The lines below from the one with "Otaria: Enrico Delitala" up to and including the one with "Brick coastal tiles" are what you should set down, exactly and without pictures.

# RAW DATA
┌──
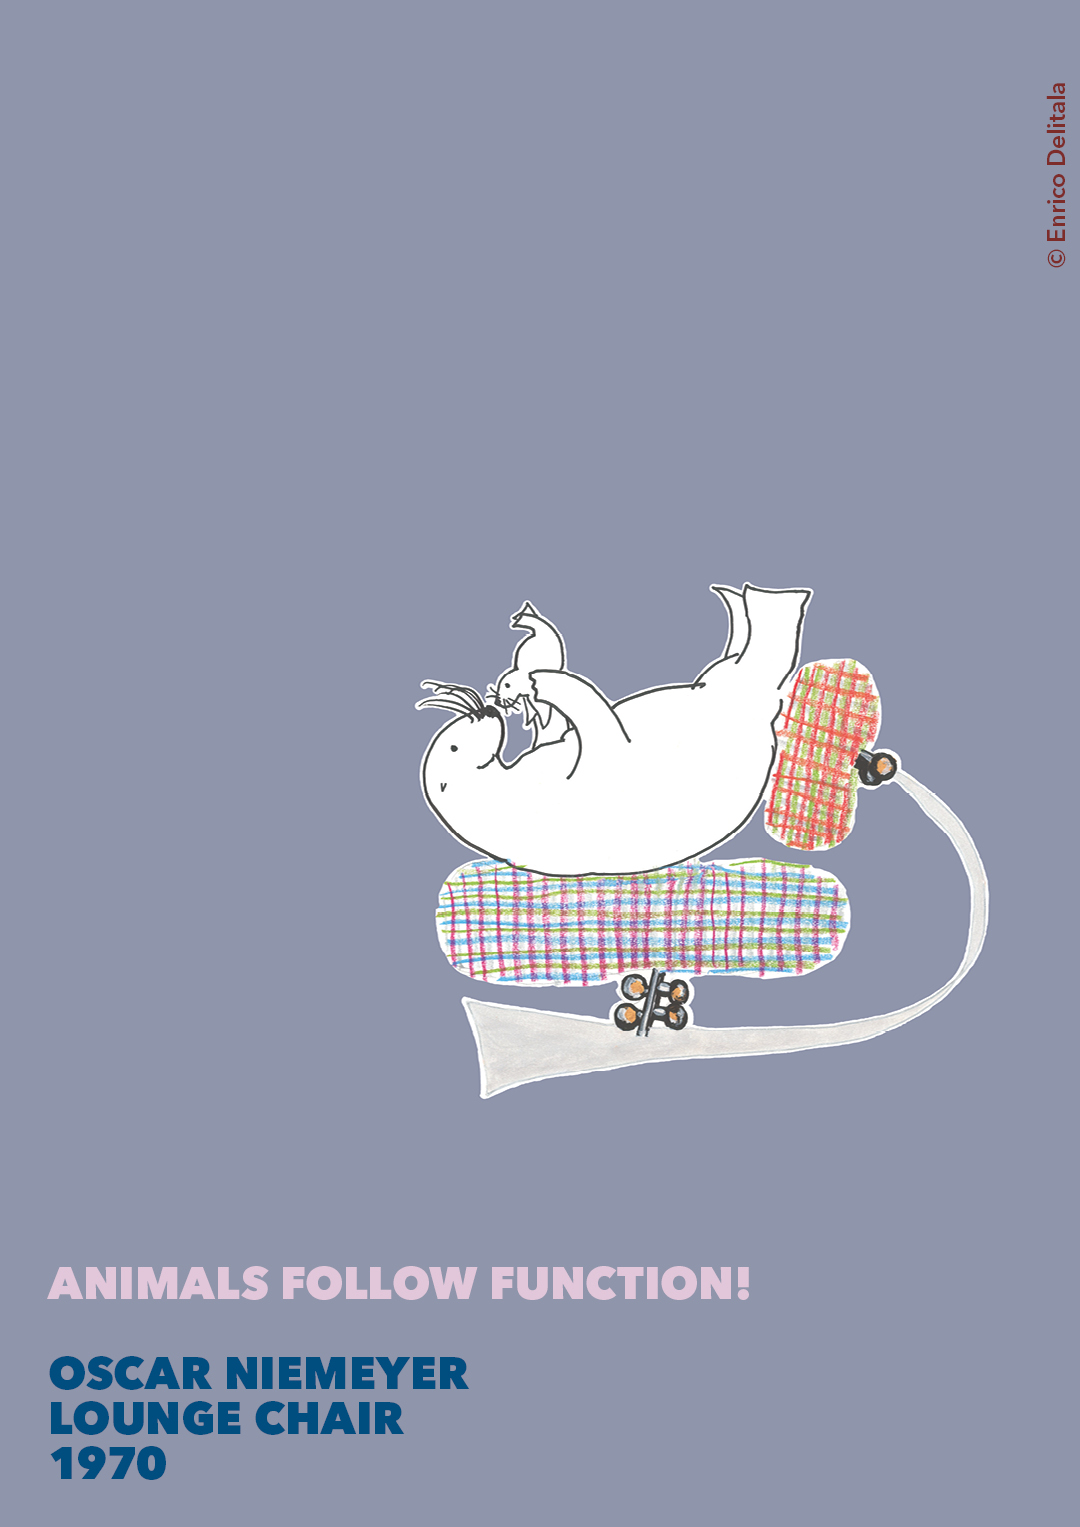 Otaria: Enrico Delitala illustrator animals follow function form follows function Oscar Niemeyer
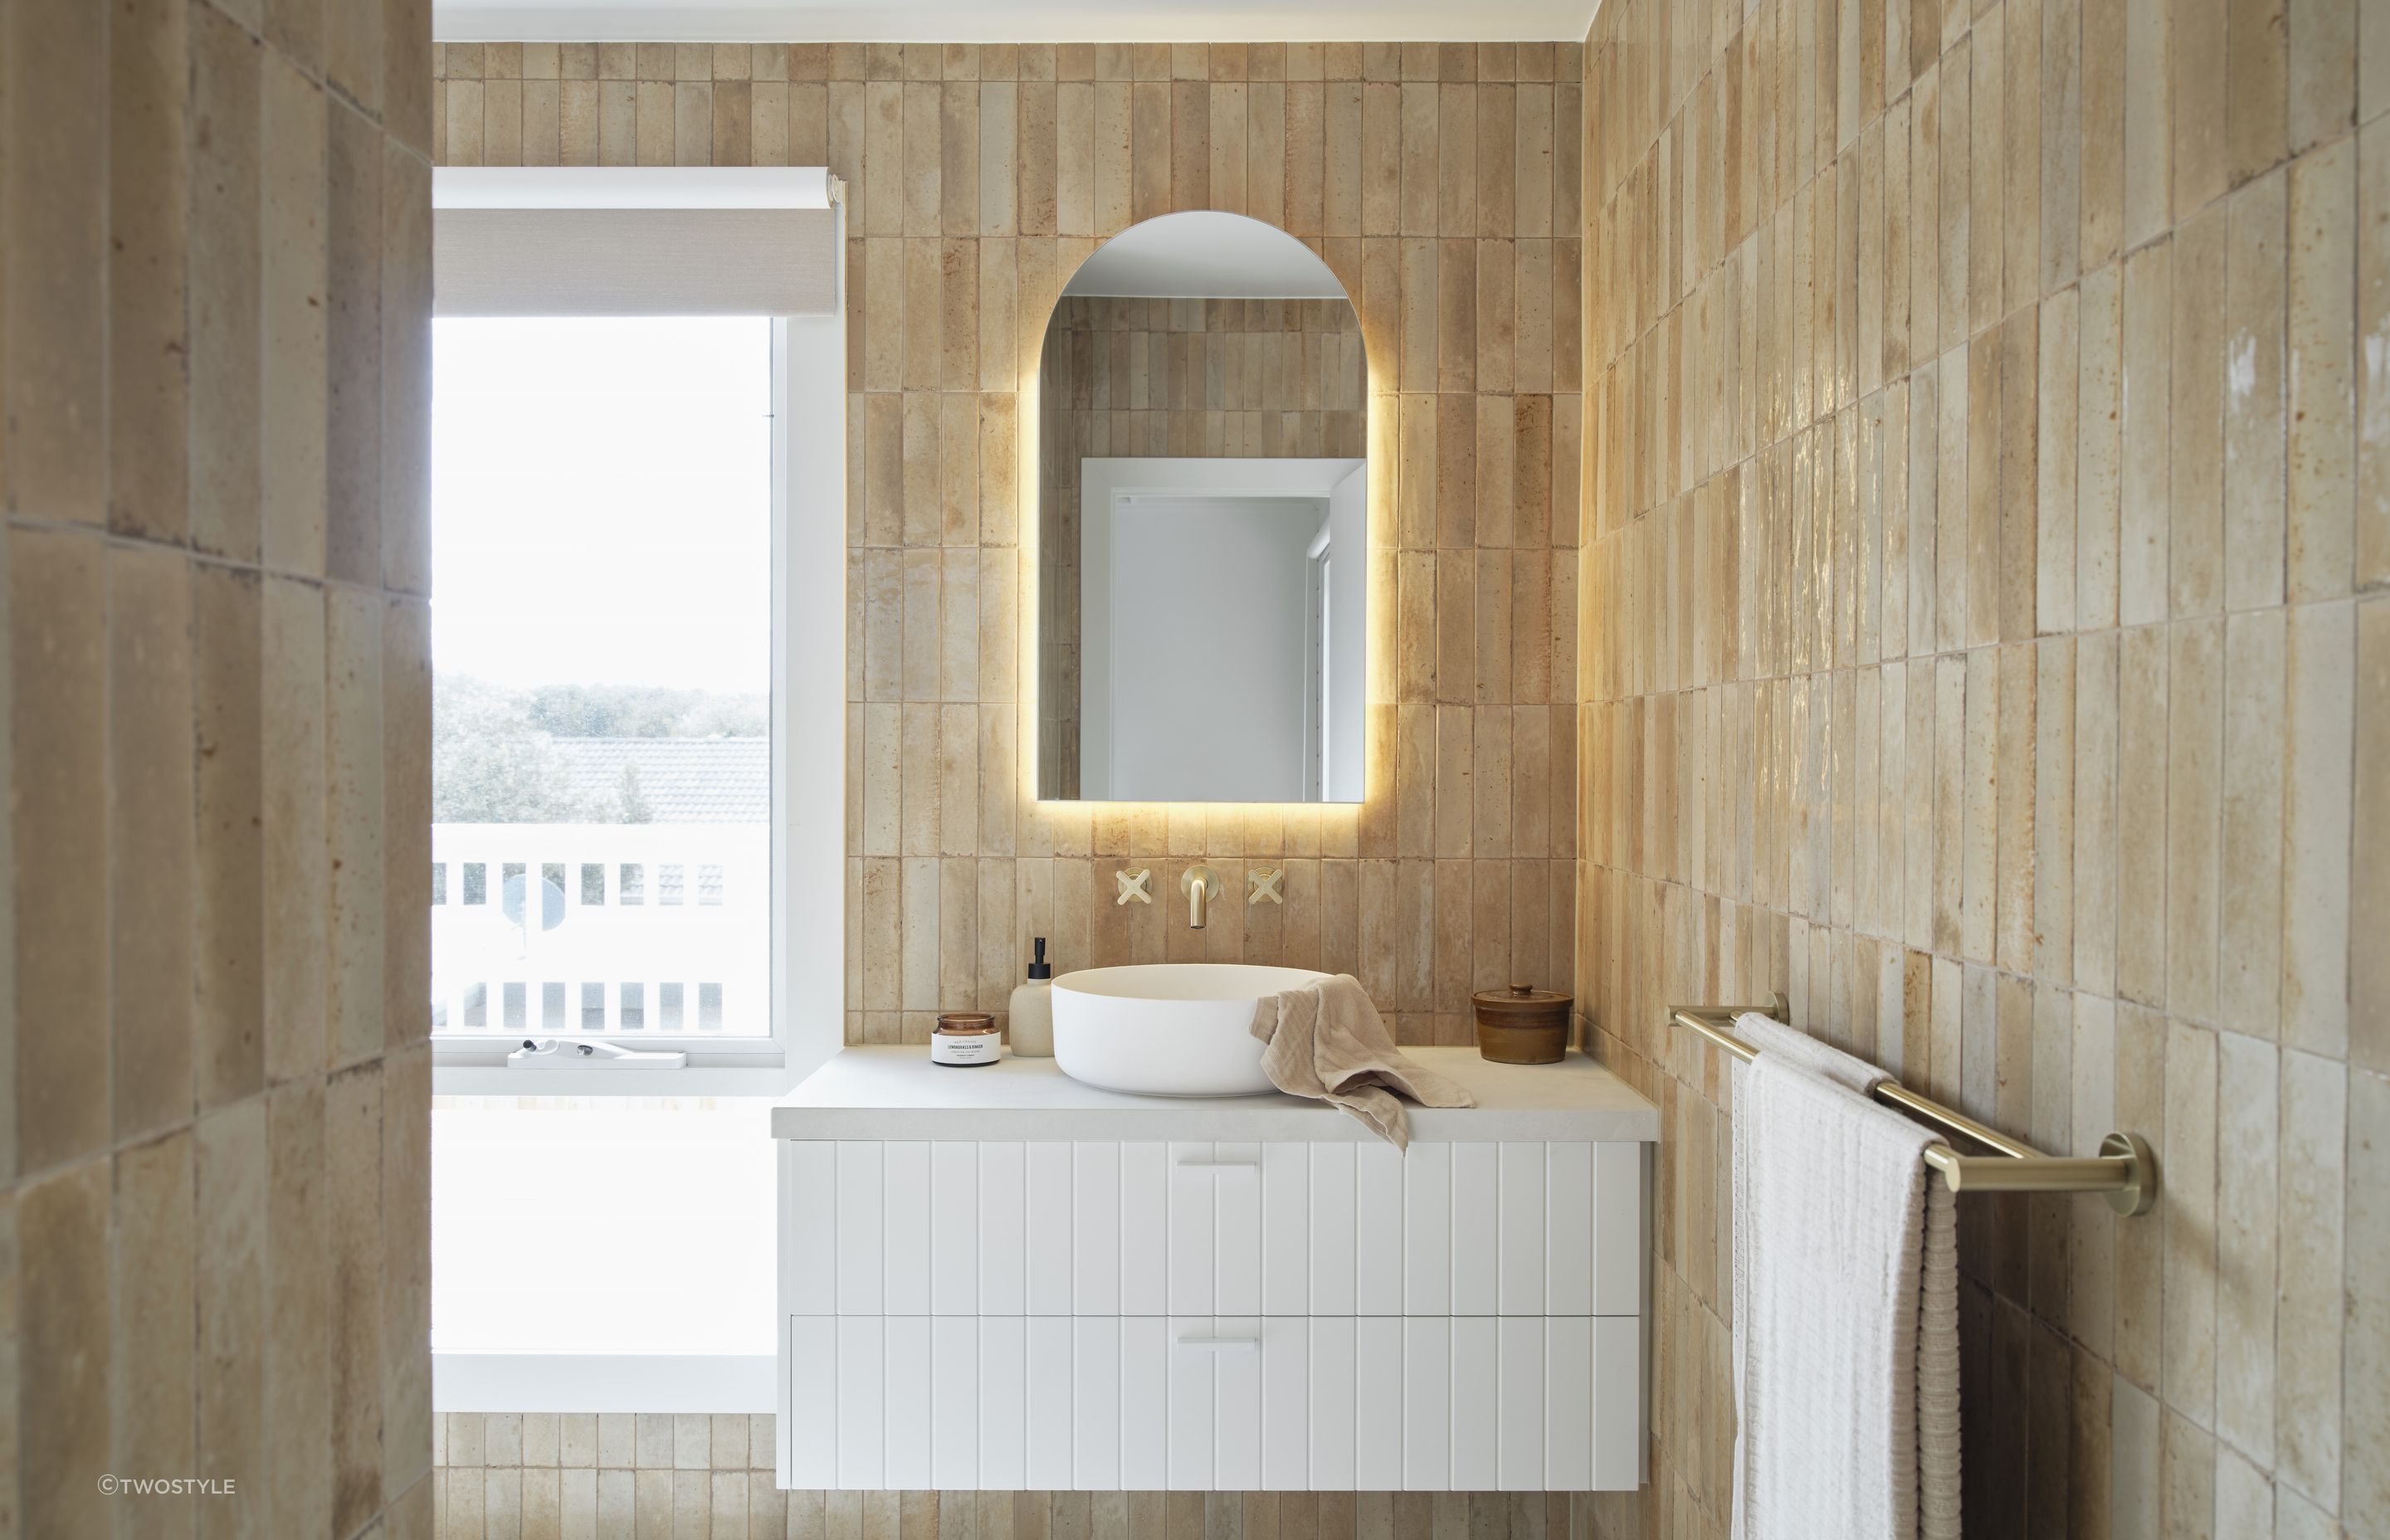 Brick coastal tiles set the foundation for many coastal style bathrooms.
└──
┌──
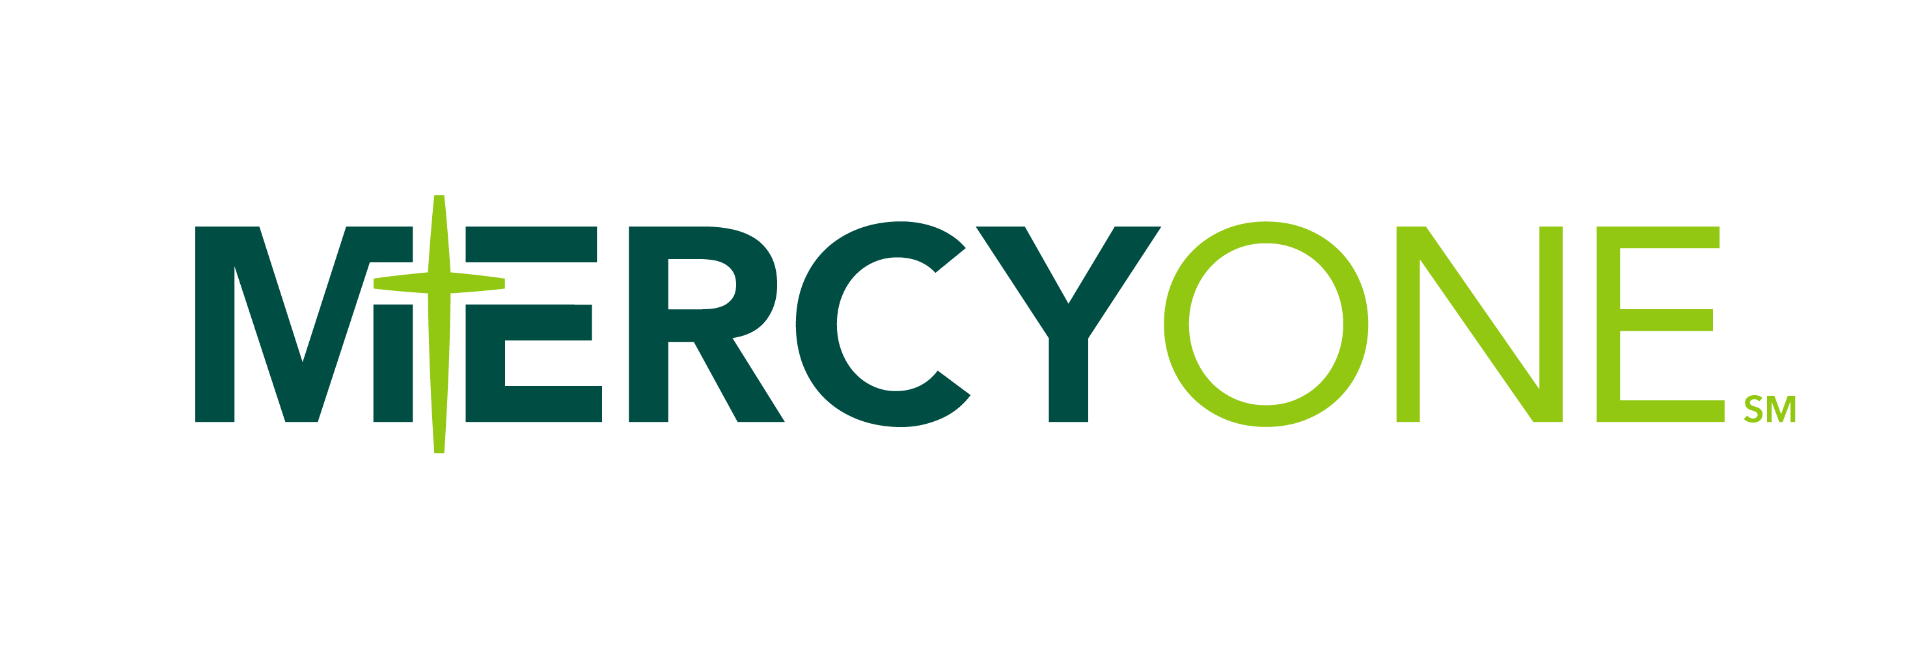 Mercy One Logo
└──
# ANSWER SPACE
 Otaria: Enrico Delitala illustrator animals follow function form follows function Oscar Niemeyer
 Brick coastal tiles set the foundation for many coastal style bathrooms.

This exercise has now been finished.